Exact copy, no pictures: every line from the one that contains "Desert Cactus Phone Wallpapers" through the end of the data below, and nothing else.

:: Dataset section ::
◆ ◆ ◆

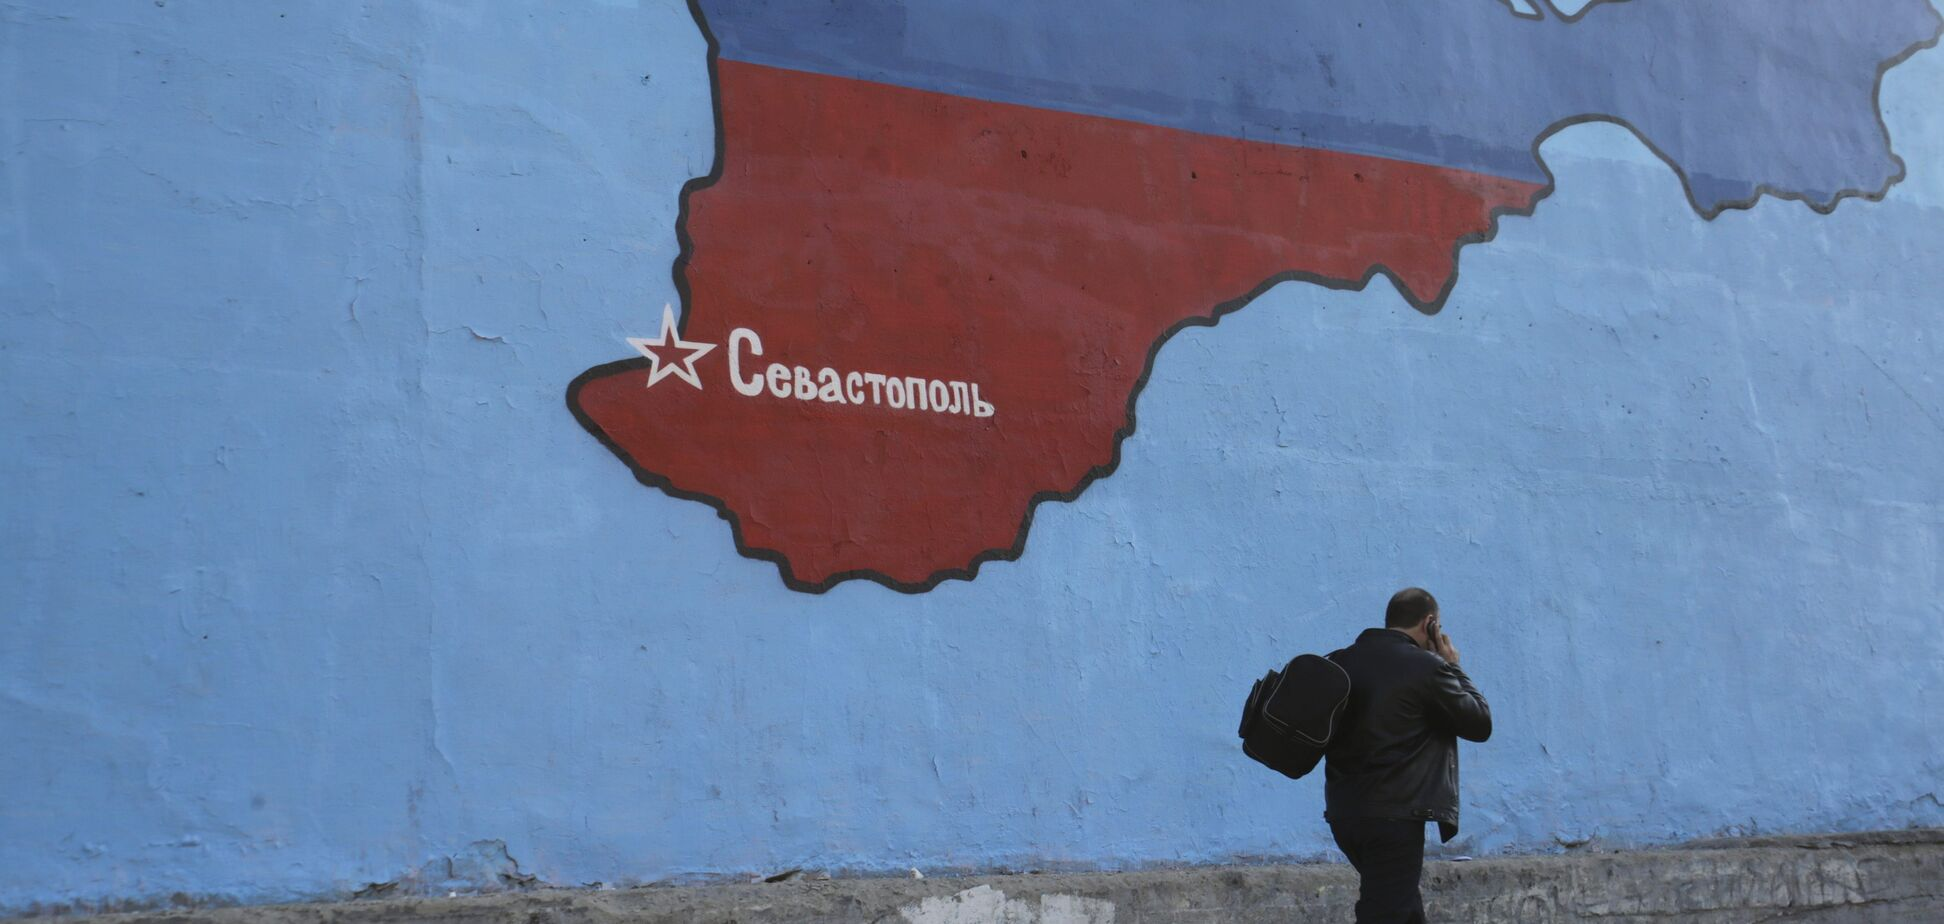 Потрійне шахрайство: викрито гучний фейк Росії про 'визнання' анексії Криму
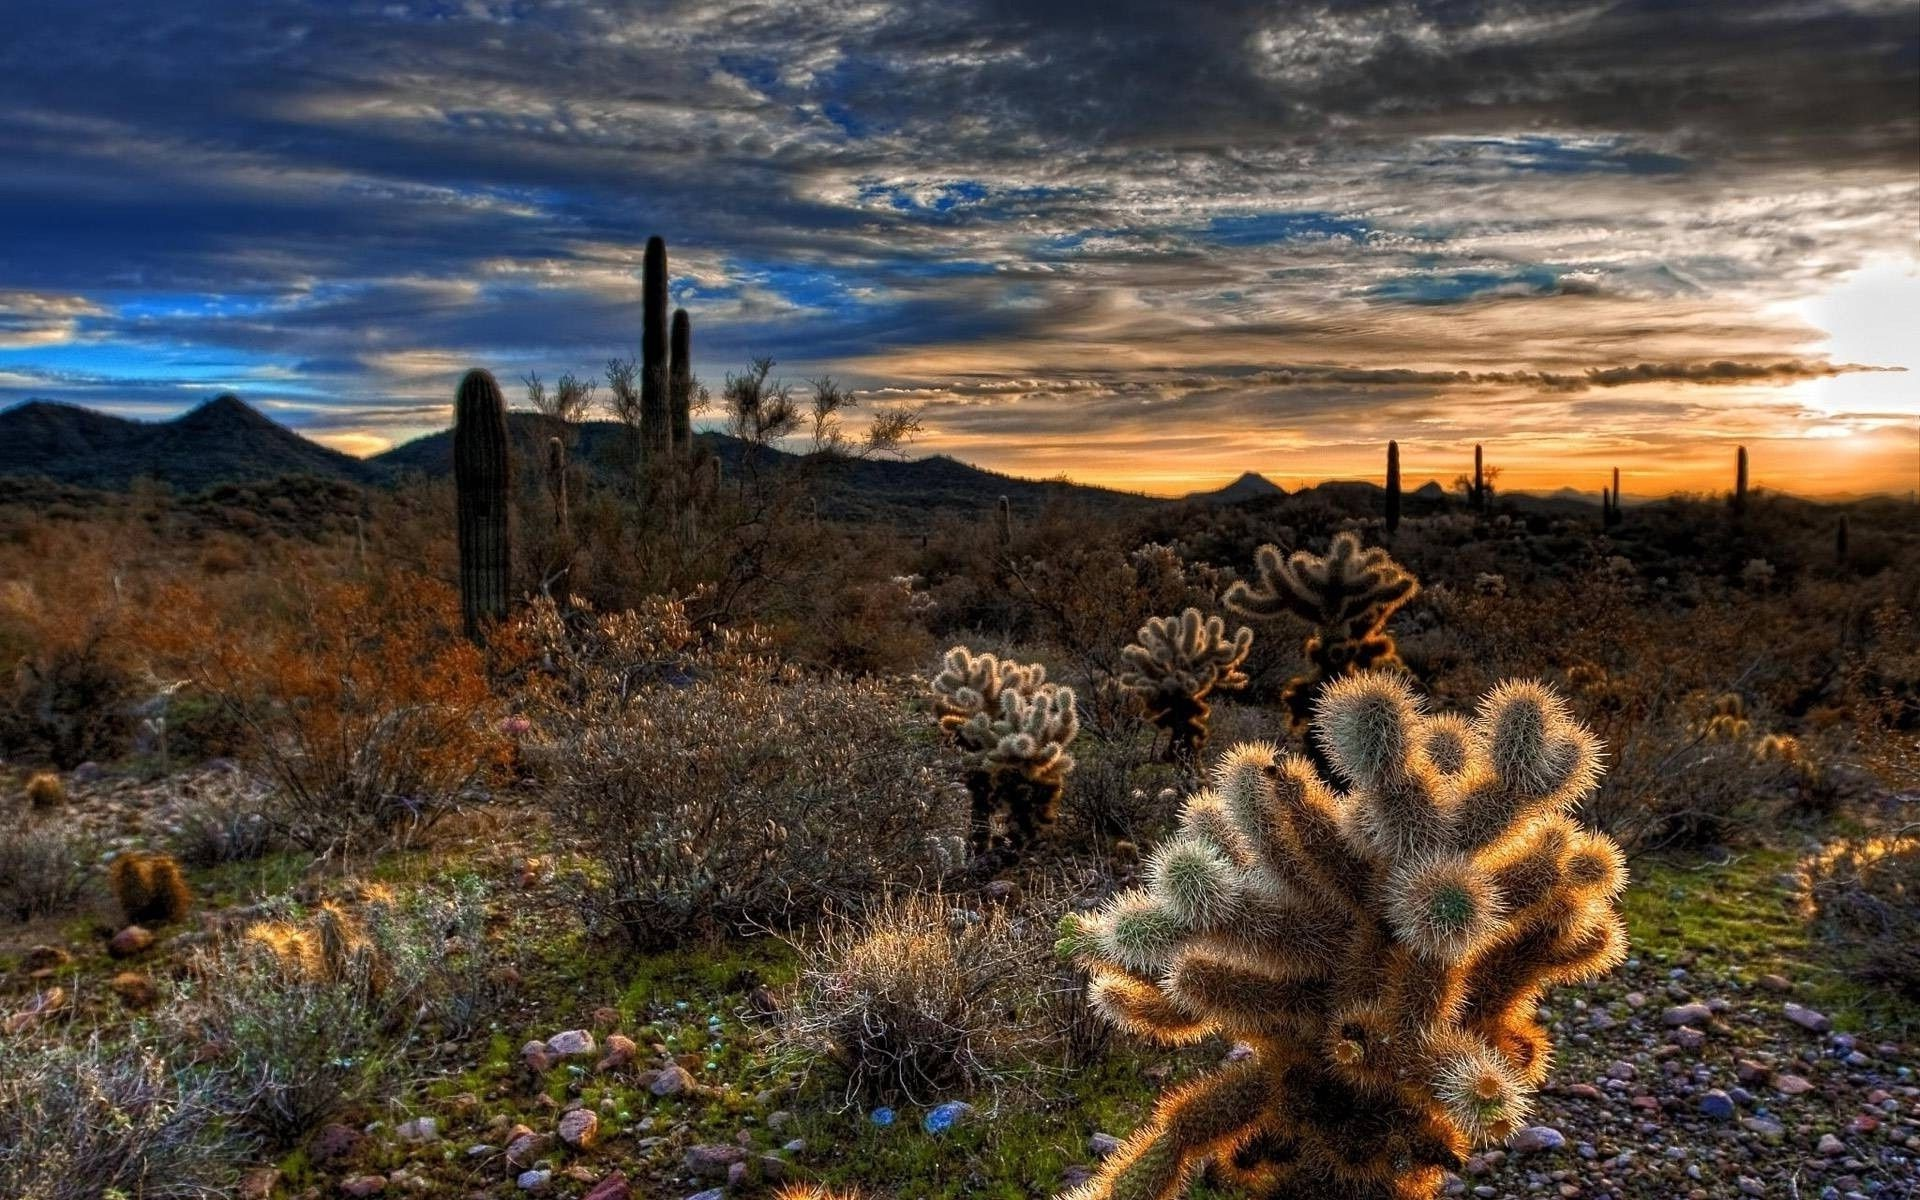 Desert Cactus Phone Wallpapers
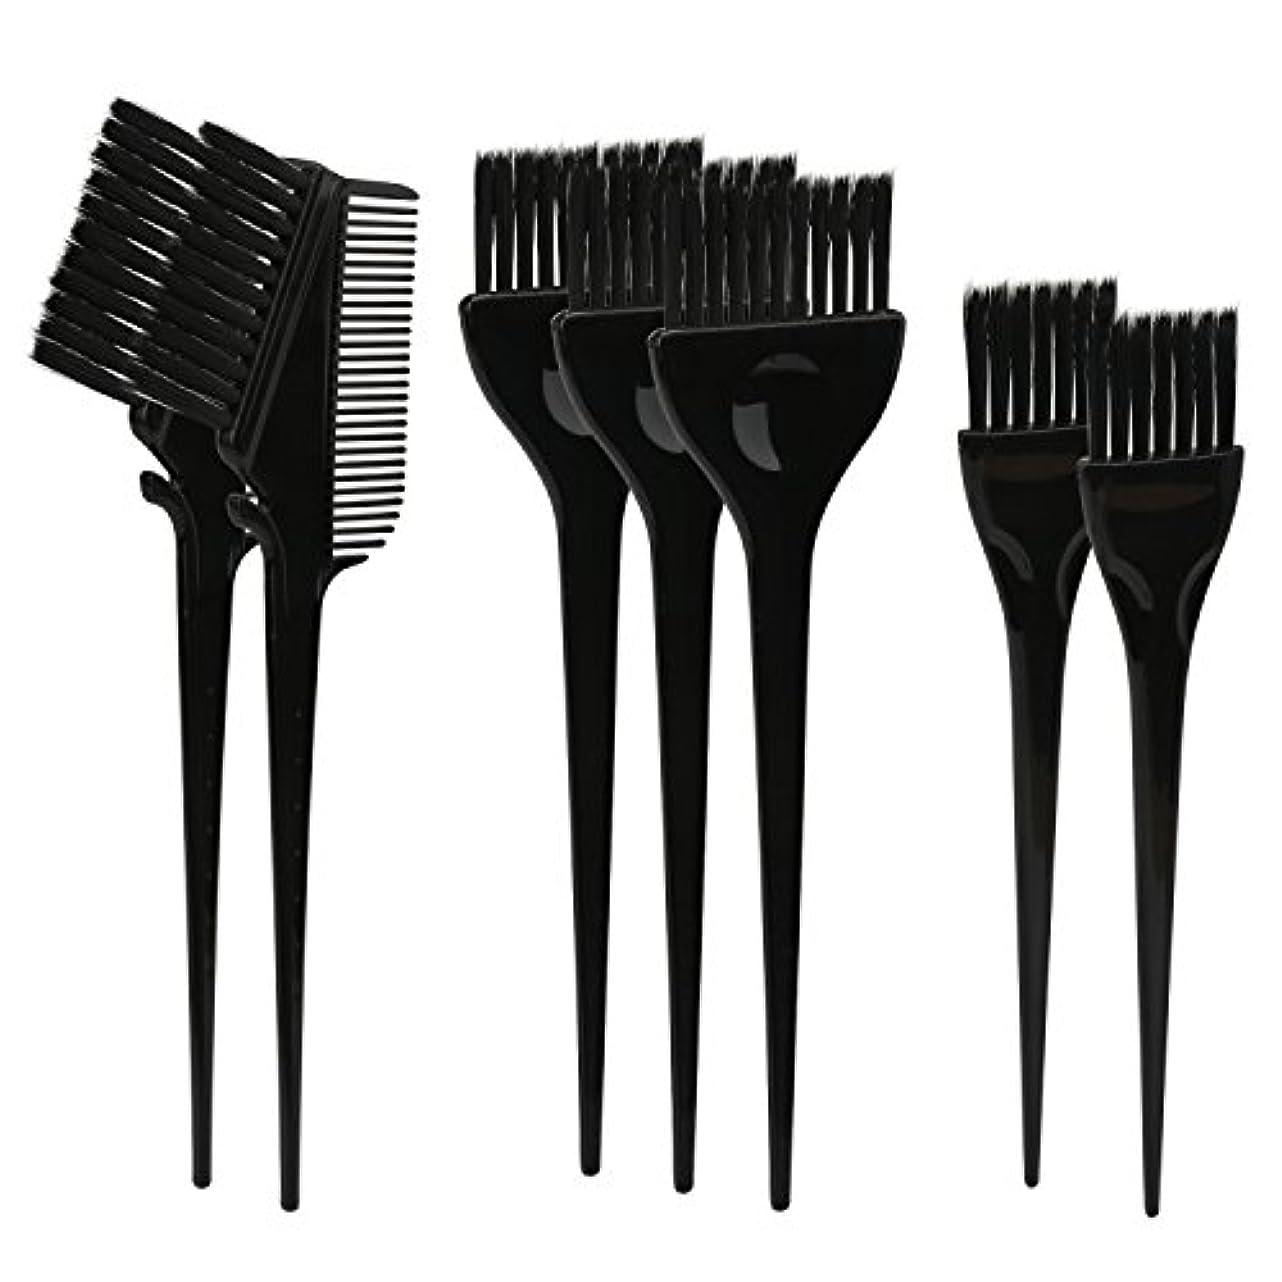 葉巻哀れな農業のSegbeauty ヘアカラー DIY プロ髪染め用のブラシ 7pcs 美髪師用 サロン工具セット
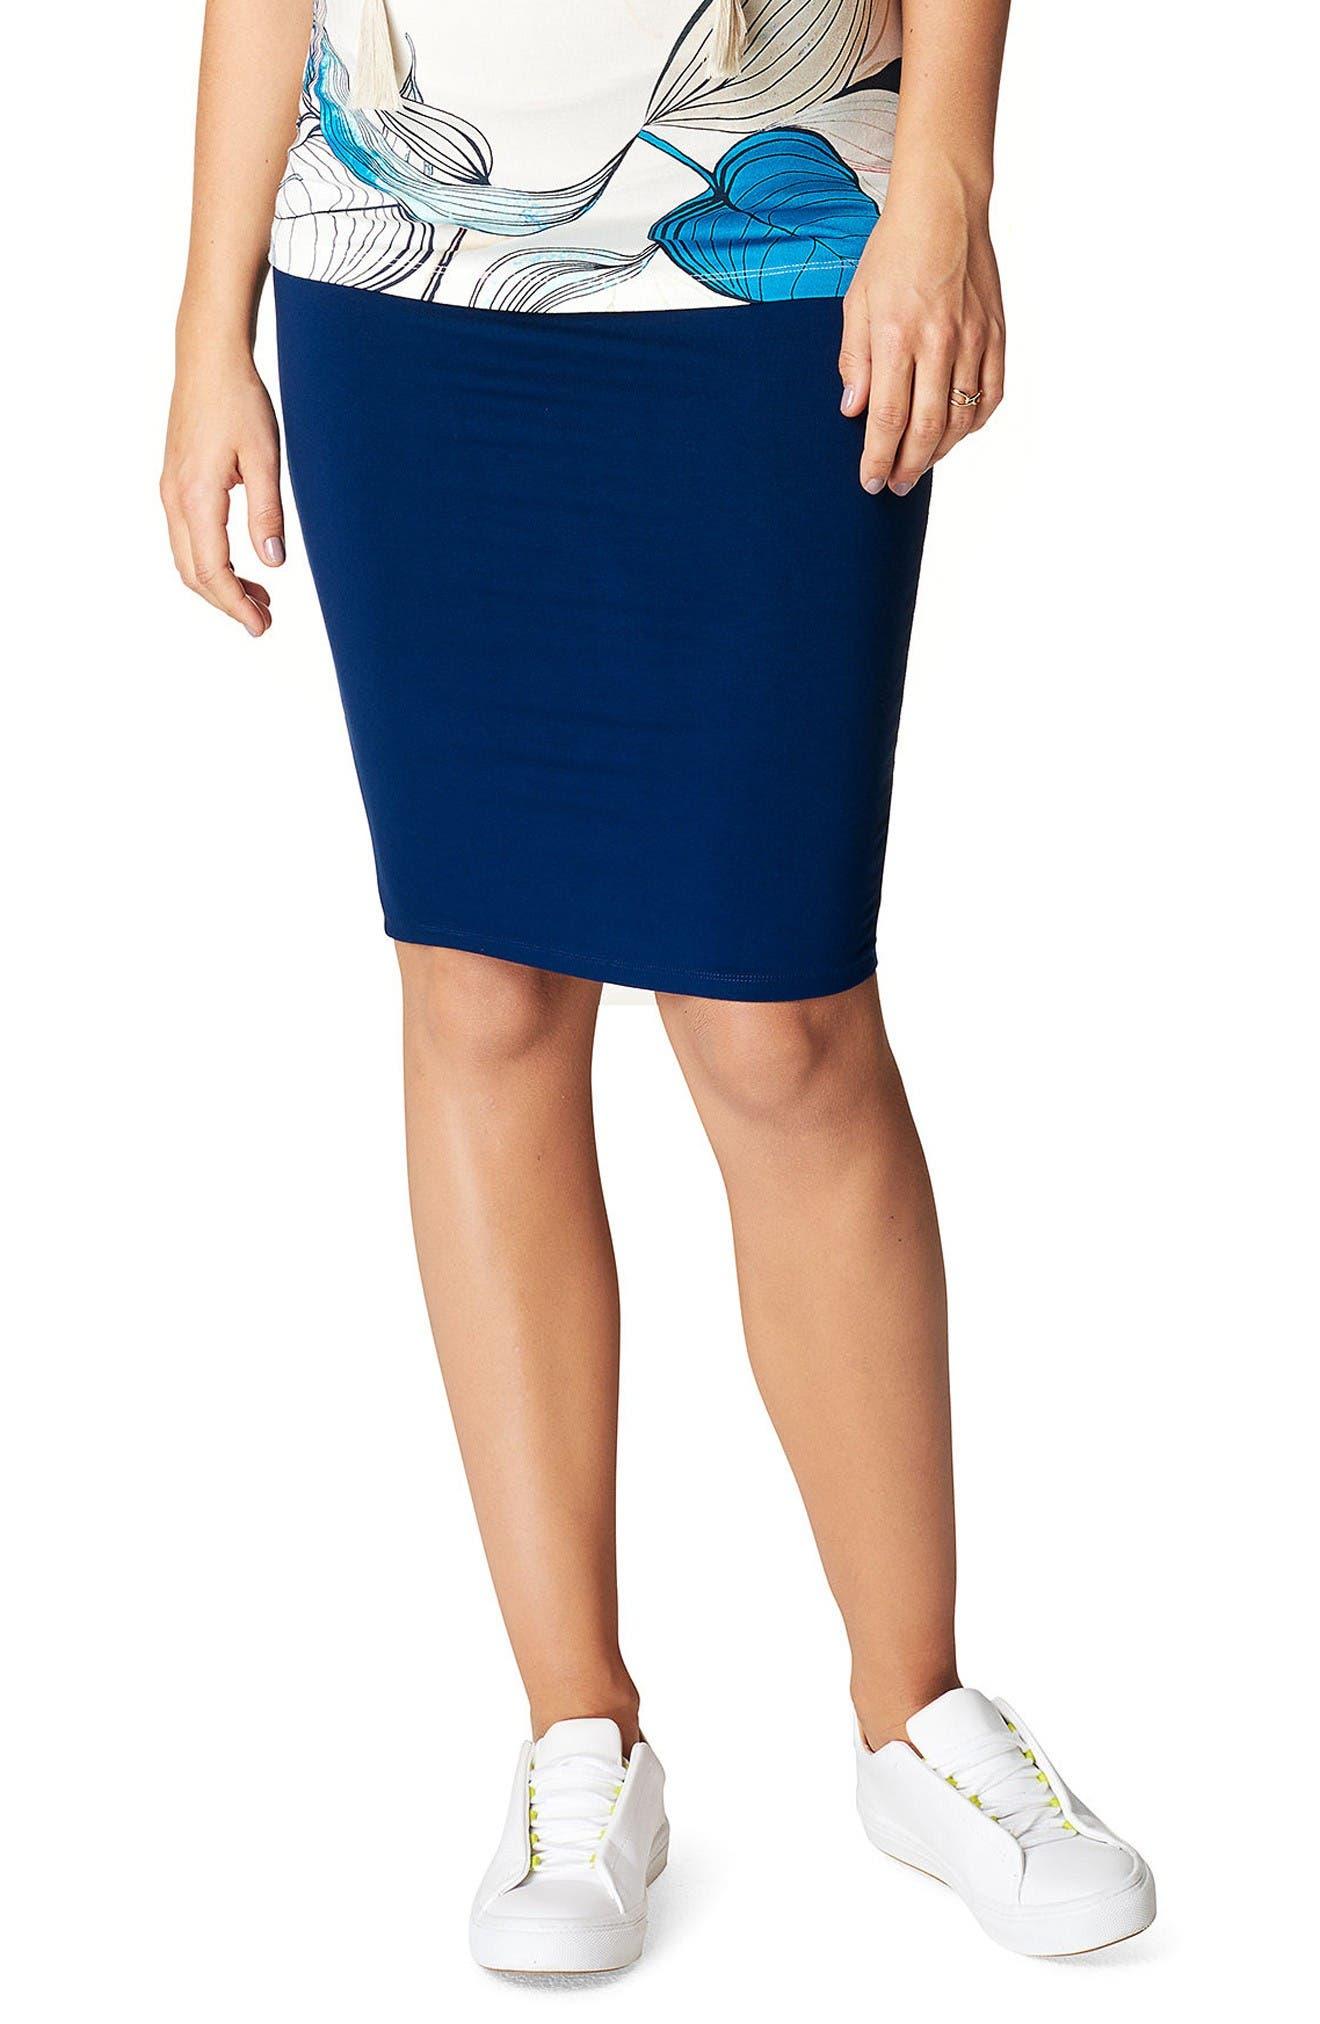 Vida Maternity Skirt,                         Main,                         color, Midnight Blue

◆ ◆ ◆

:: Answer for the task ::
 Desert Cactus Phone Wallpapers
 葉巻哀れな農業のSegbeauty ヘアカラー DIY プロ髪染め用のブラシ 7pcs 美髪師用 サロン工具セット
 Vida Maternity Skirt,                         Main,                         color, Midnight Blue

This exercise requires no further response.